*TASK ITEM*. A verbatim repetition of the data below is requested, without images.

*MATERIAL PROVIDED*.
- - - - -

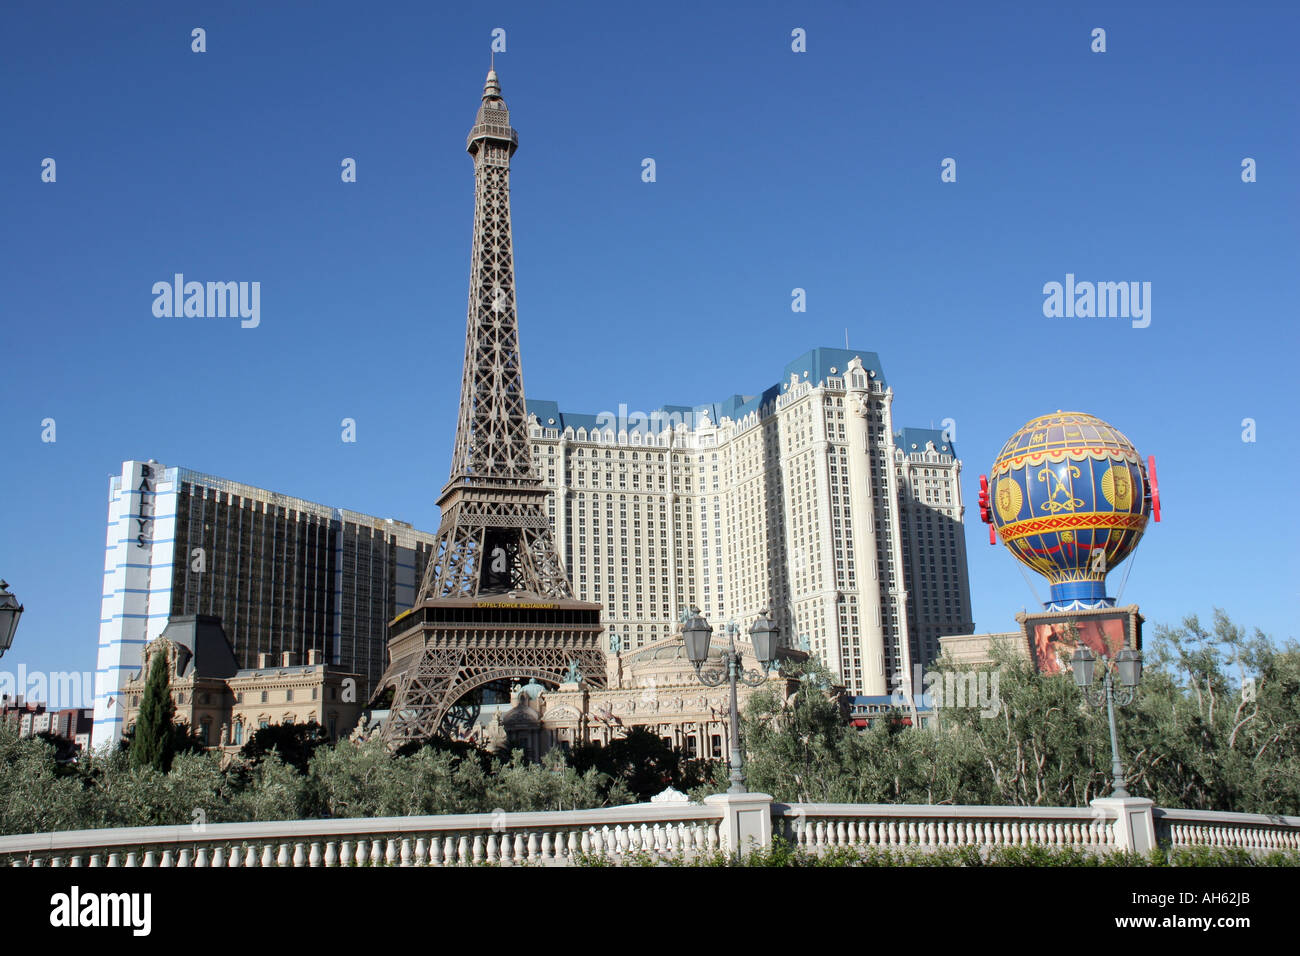 File:The hotel Paris Las Vegas as seen from the hotel The Bellagio.jpg -  Wikimedia Commons
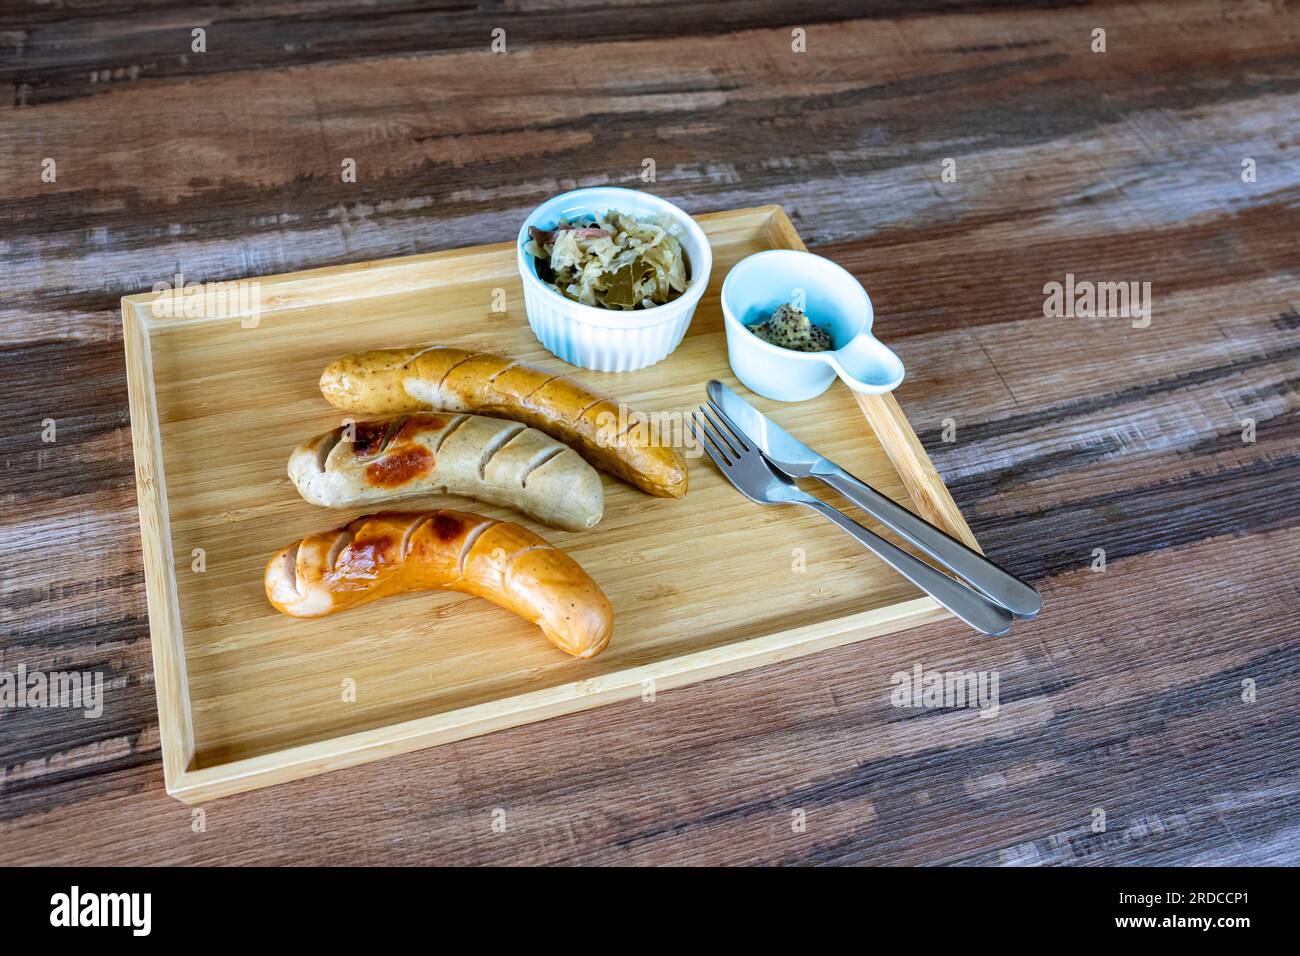 Photos of Grilled German Sausages with sauerkraut and dijon mustard in a small bowl with knife and fork Together in a rectangular wooden tray, on a wo Stock Photo
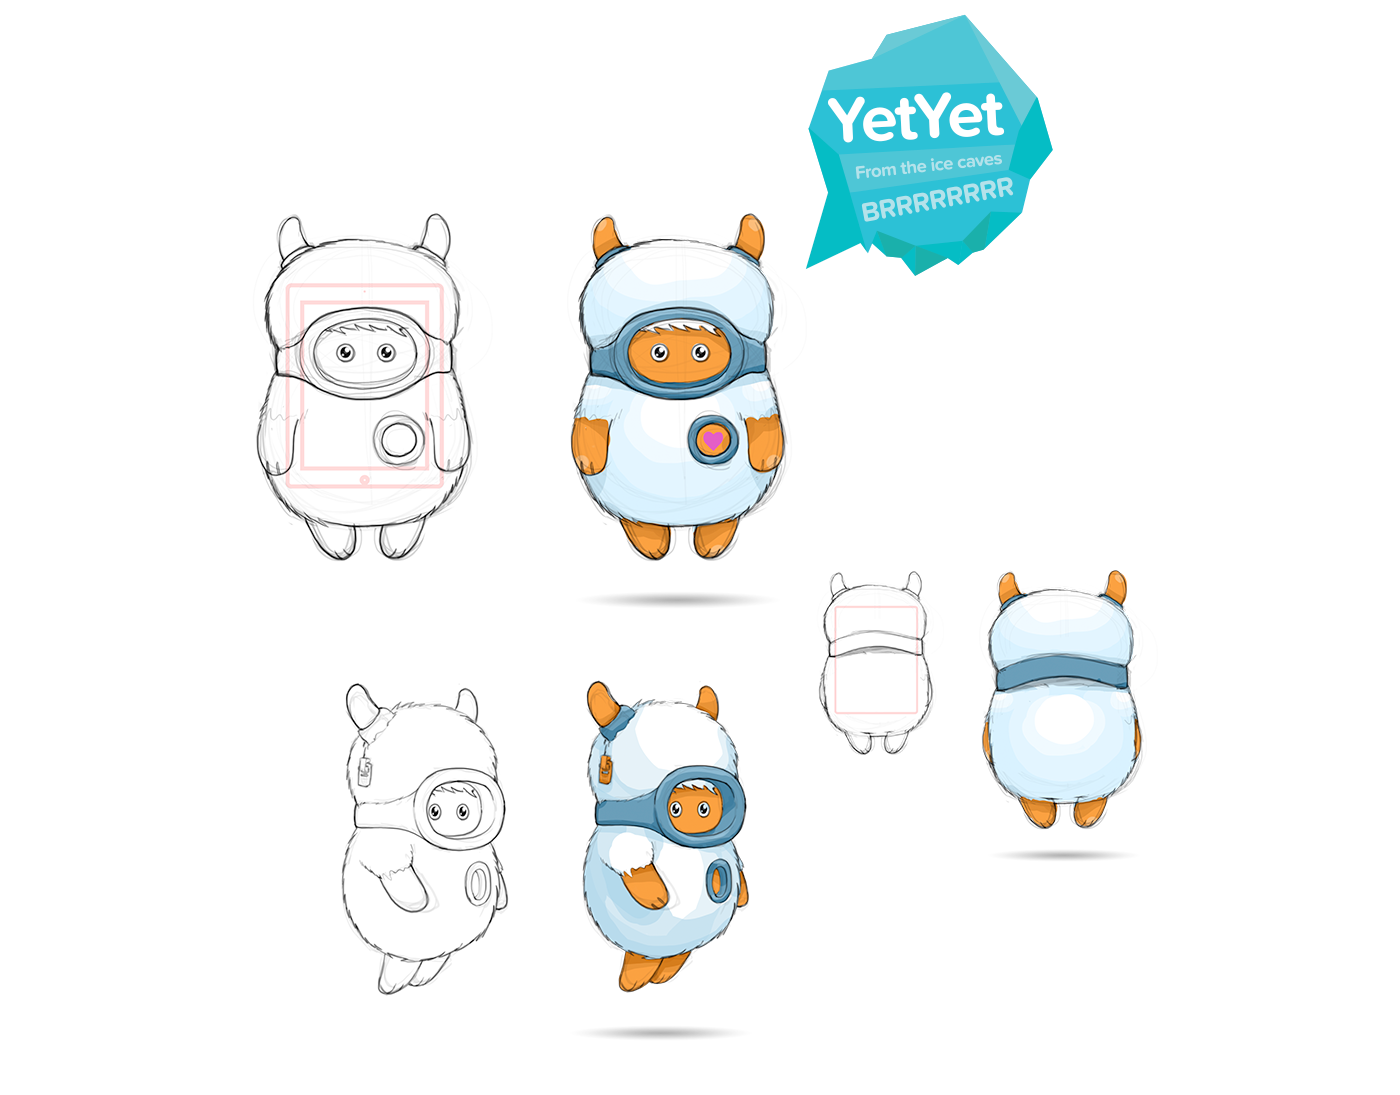 toy 'toy design' app application case 'Product Design' Character product possible interactive 'ipad case' 'Iphone case'
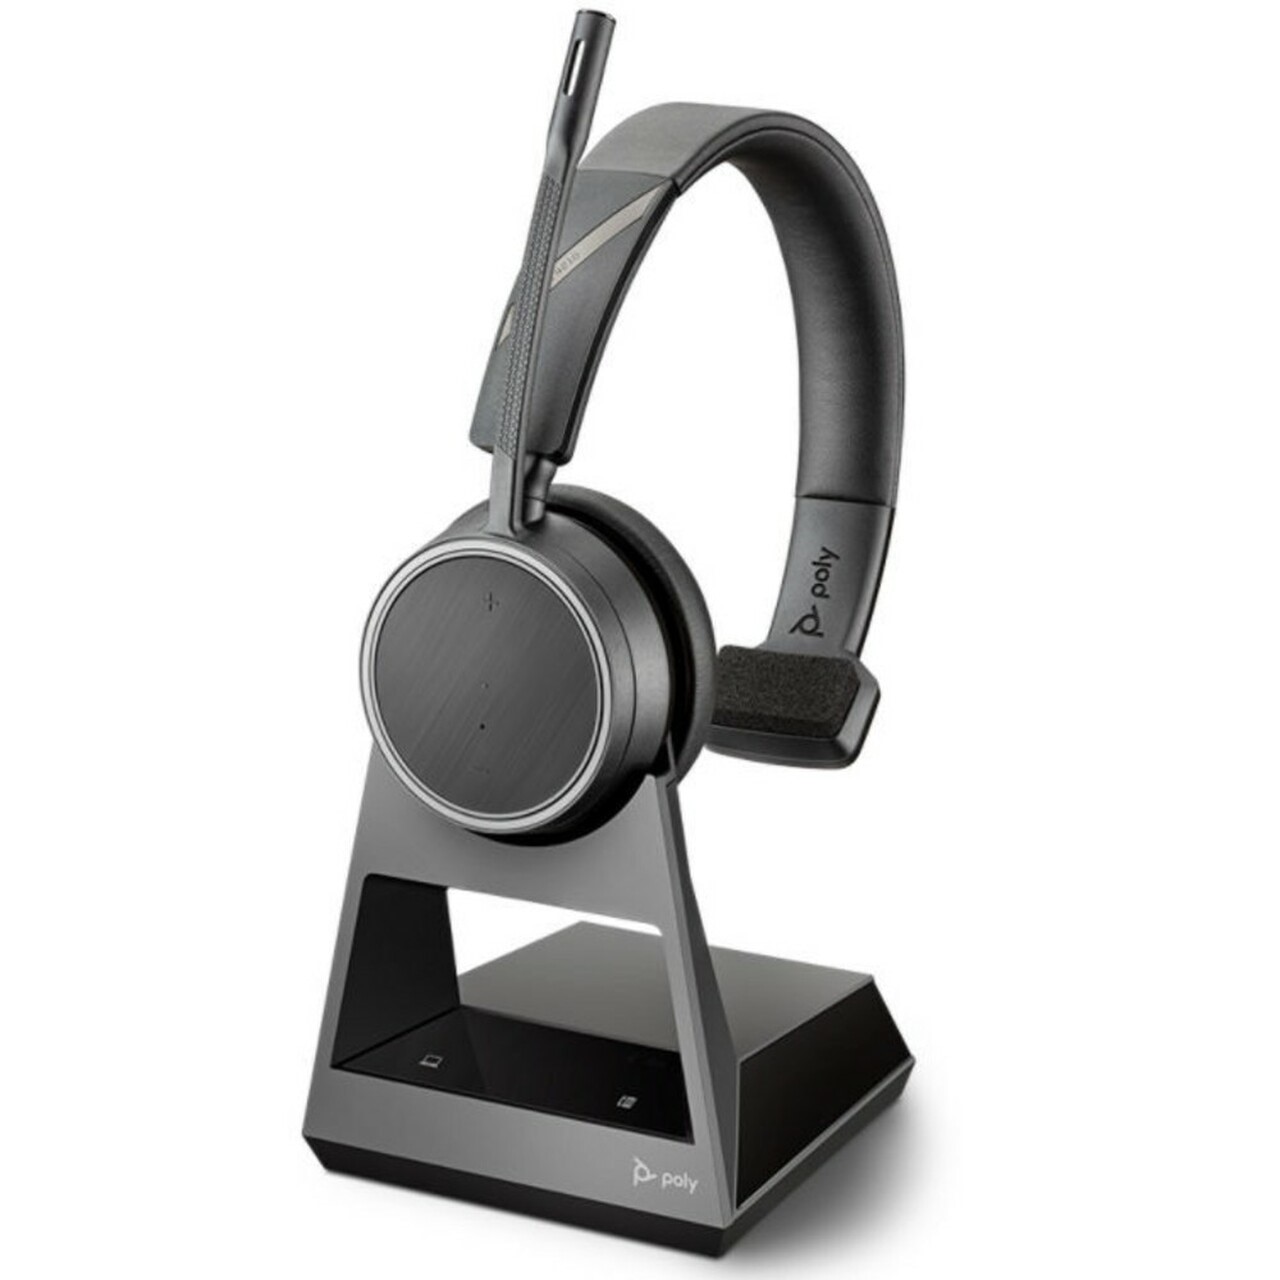 PL-212730-05 A favorite of office workers and IT professionals — the Voyager 4200 UC Series. Some office workers prefer a stereo headset to listen to media and music.

- - - - -

*SOLUTION*.
 File:The hotel Paris Las Vegas as seen from the hotel The Bellagio.jpg -  Wikimedia Commons
 Photos of Grilled German Sausages with sauerkraut and dijon mustard in a small bowl with knife and fork Together in a rectangular wooden tray, on a wo Stock Photo
 toy 'toy design' app application case 'Product Design' Character product possible interactive 'ipad case' 'Iphone case'
 PL-212730-05 A favorite of office workers and IT professionals — the Voyager 4200 UC Series. Some office workers prefer a stereo headset to listen to media and music.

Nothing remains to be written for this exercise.